AIM OF THE EXERCISE:
Output each line of the listing exactly, though pictures are not to appear.

DATA SHOWN:

□ □ □ □ □ □ □

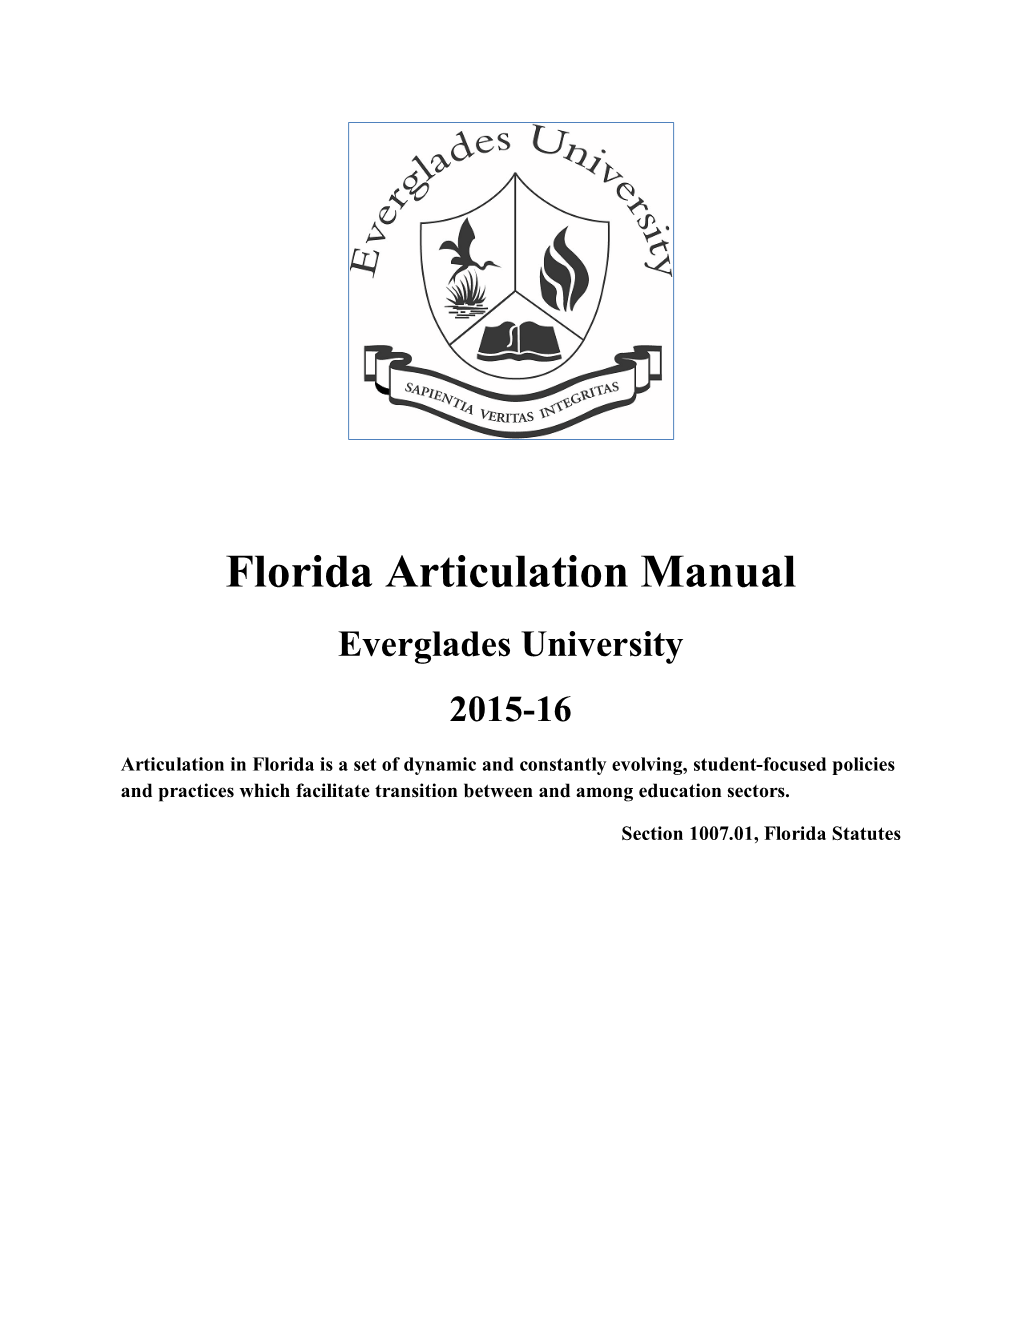 Everglades University 2015-16
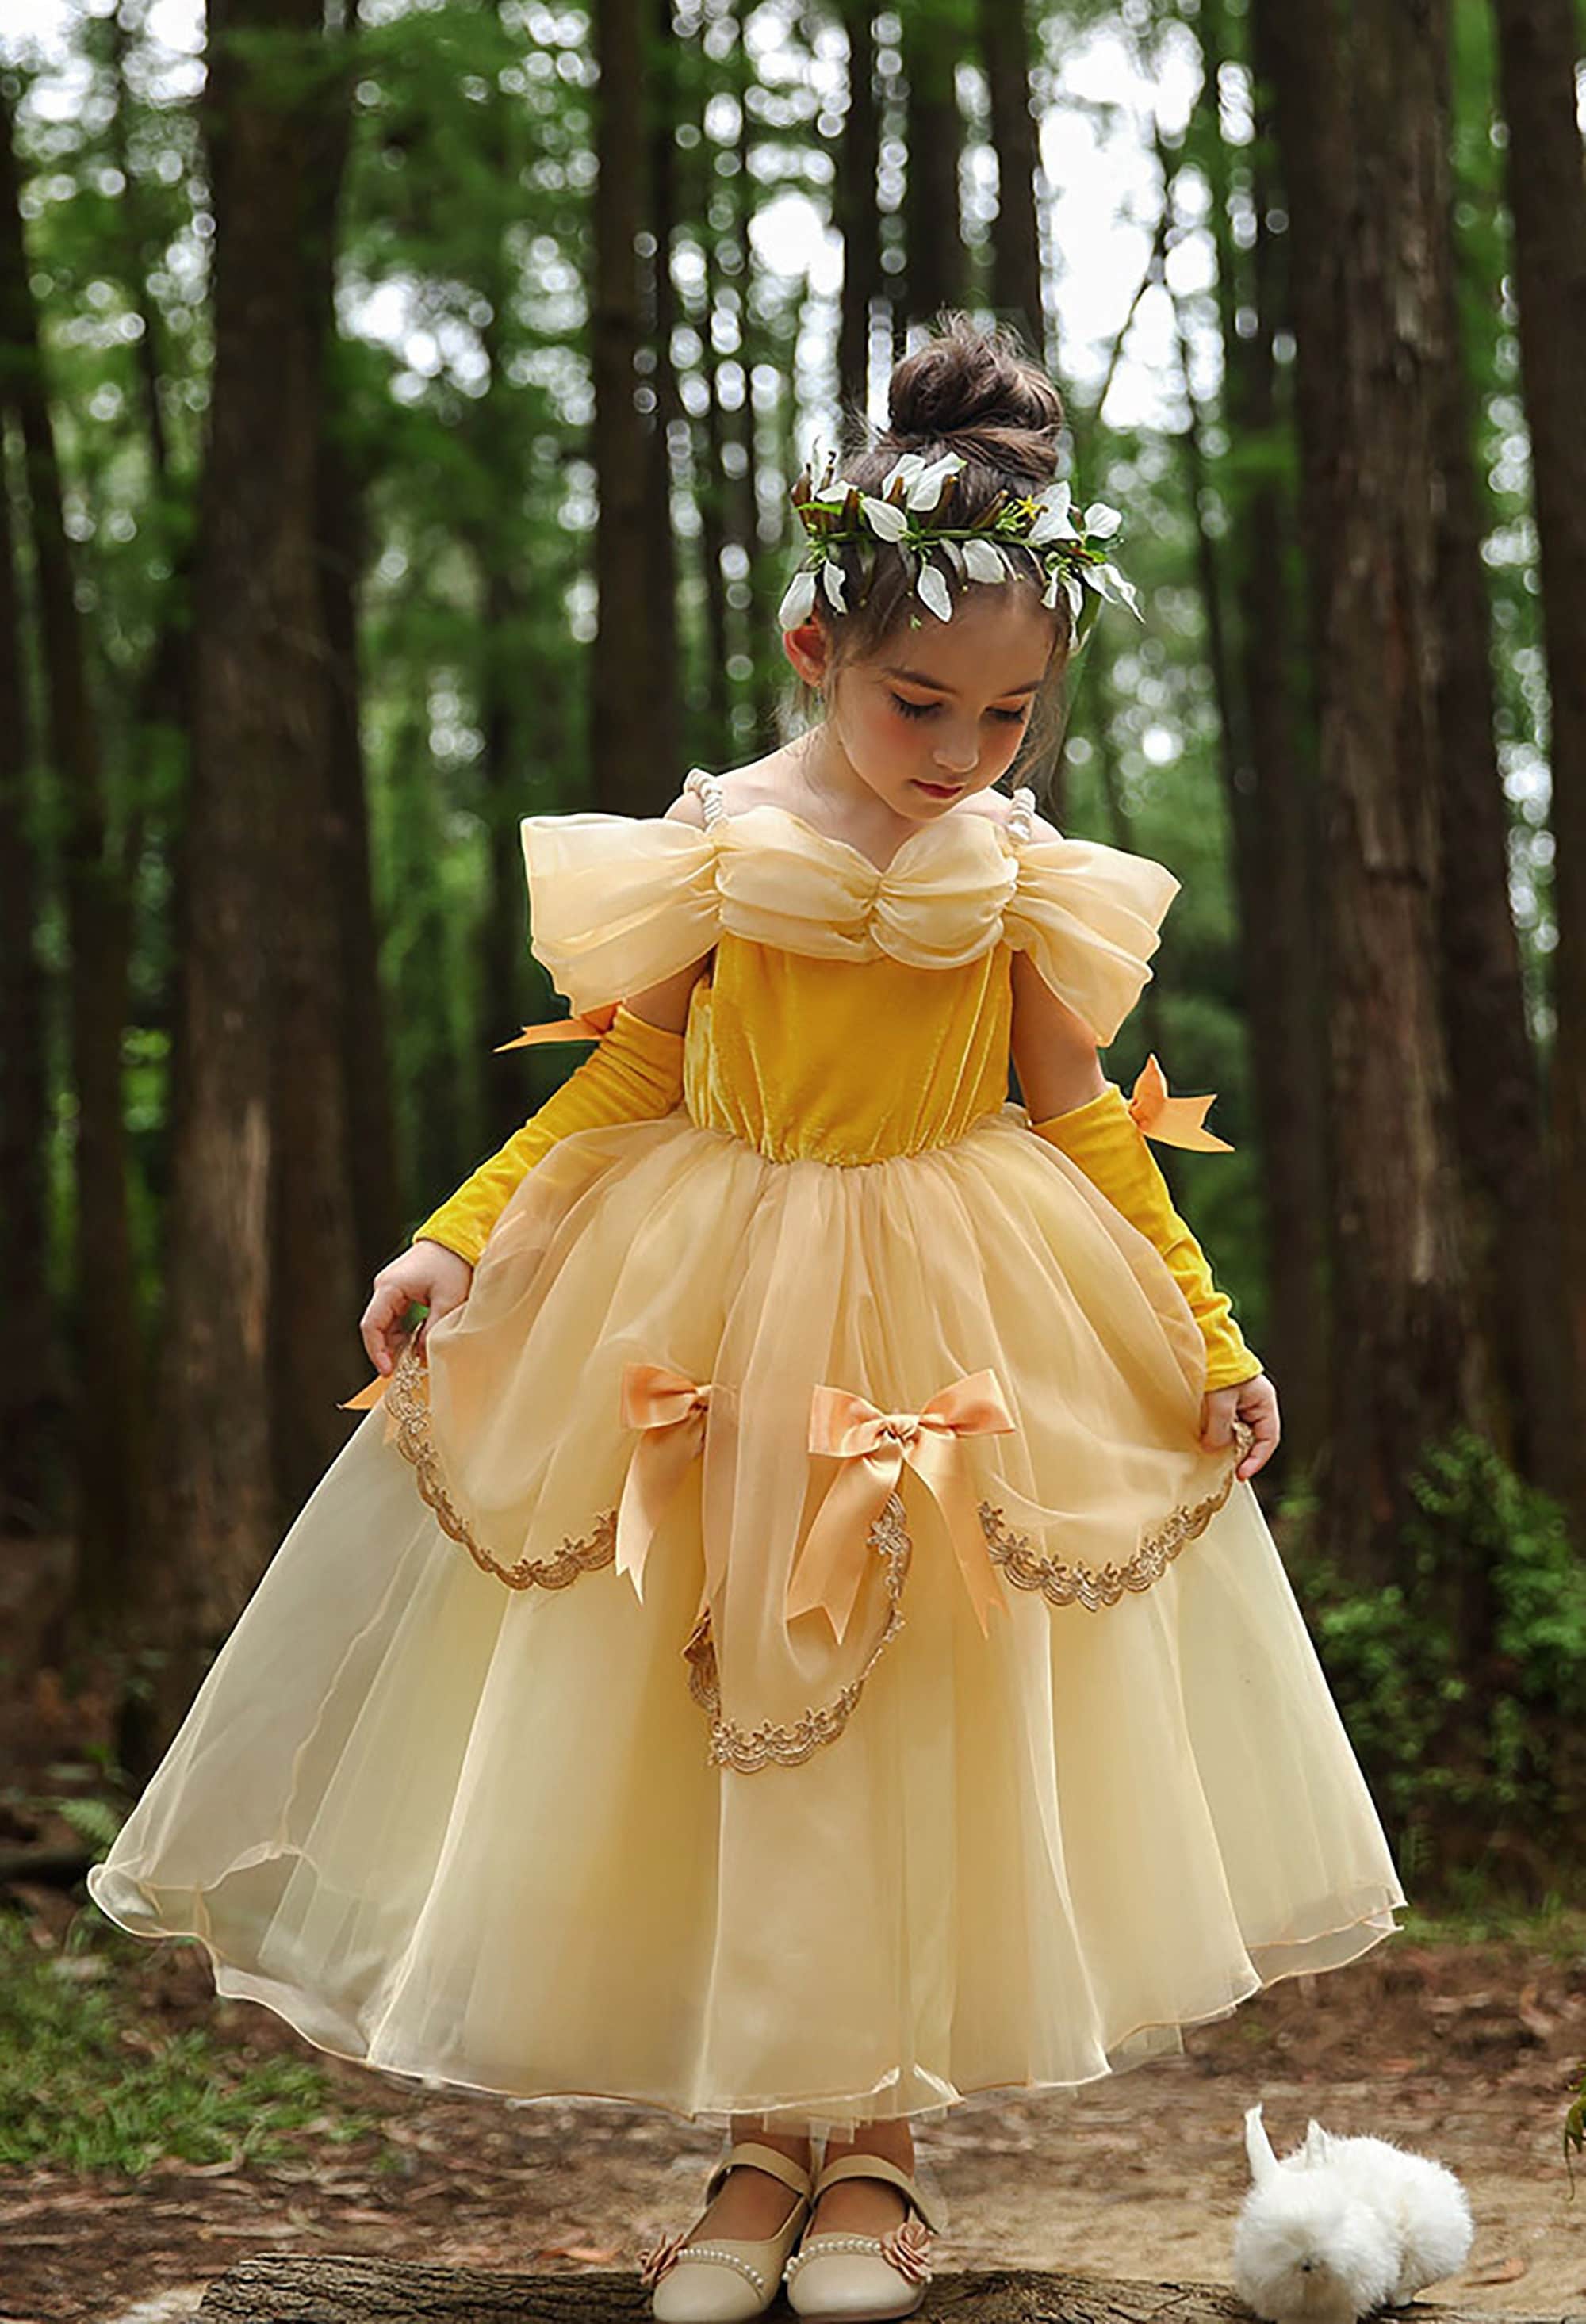 Belle inspired dress belle party beauty and the beast Kleding Meisjeskleding Verkleden belle costume belle dress 
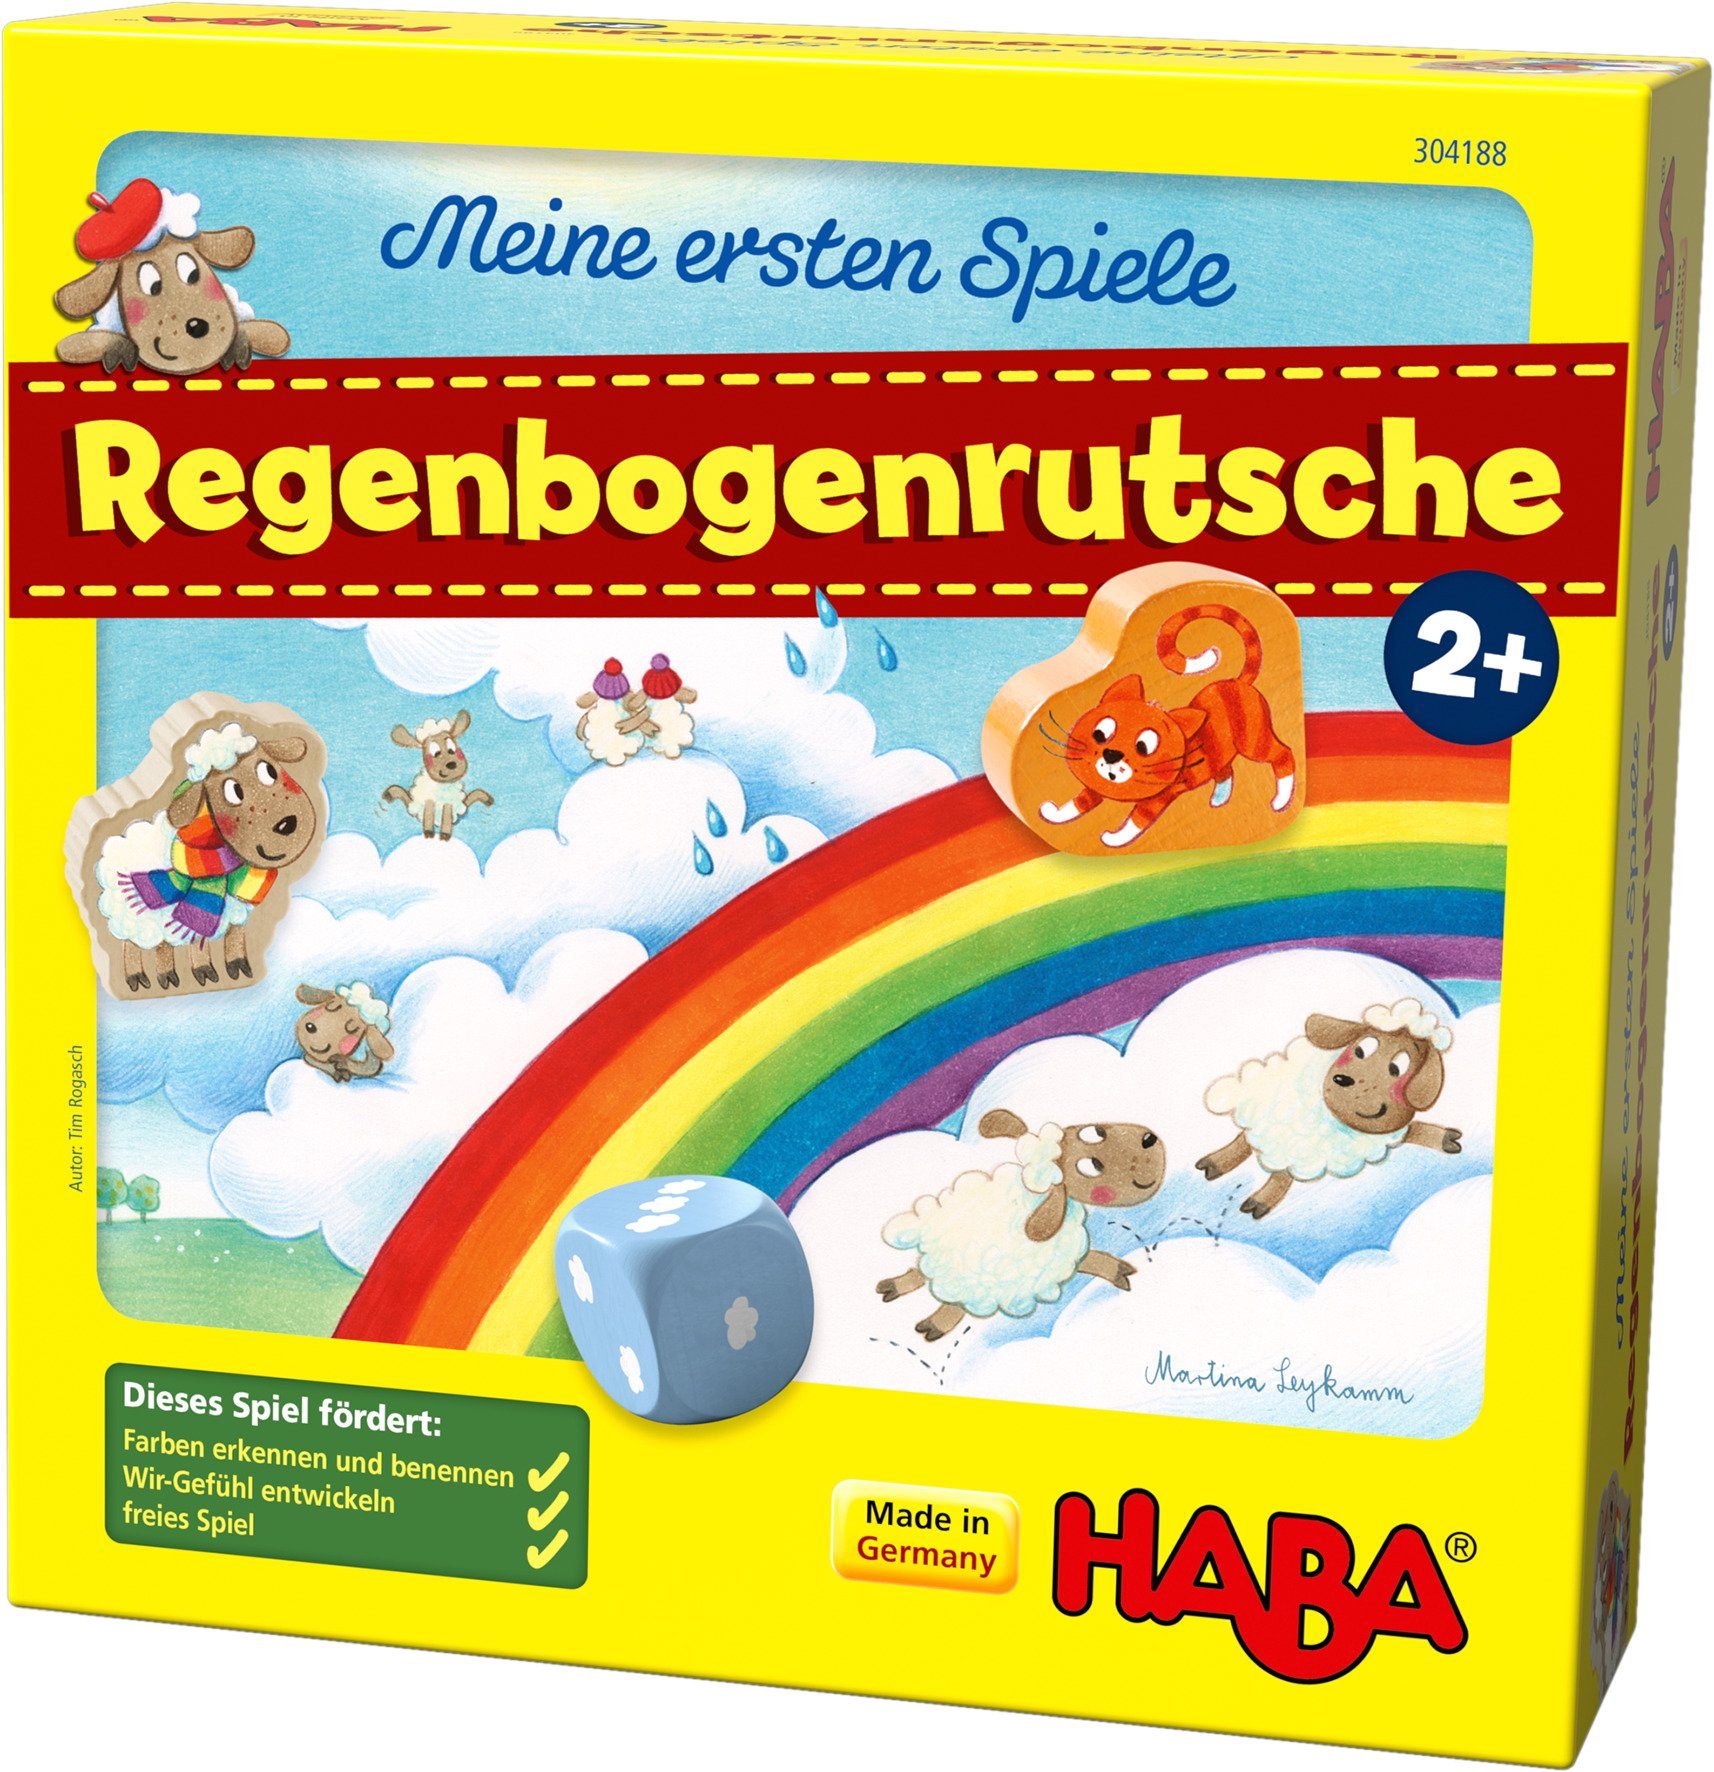 Distilleren Mevrouw Voorvoegsel Haba Spel Mijn eerste spellen - Op de regenboog Made in Germany snel online  gekocht | OTTO

□ □ □ □ □ □ □

RESULT OF THE TASK:
 Everglades University 2015-16
 Belle inspired dress belle party beauty and the beast Kleding Meisjeskleding Verkleden belle costume belle dress 
 Distilleren Mevrouw Voorvoegsel Haba Spel Mijn eerste spellen - Op de regenboog Made in Germany snel online  gekocht | OTTO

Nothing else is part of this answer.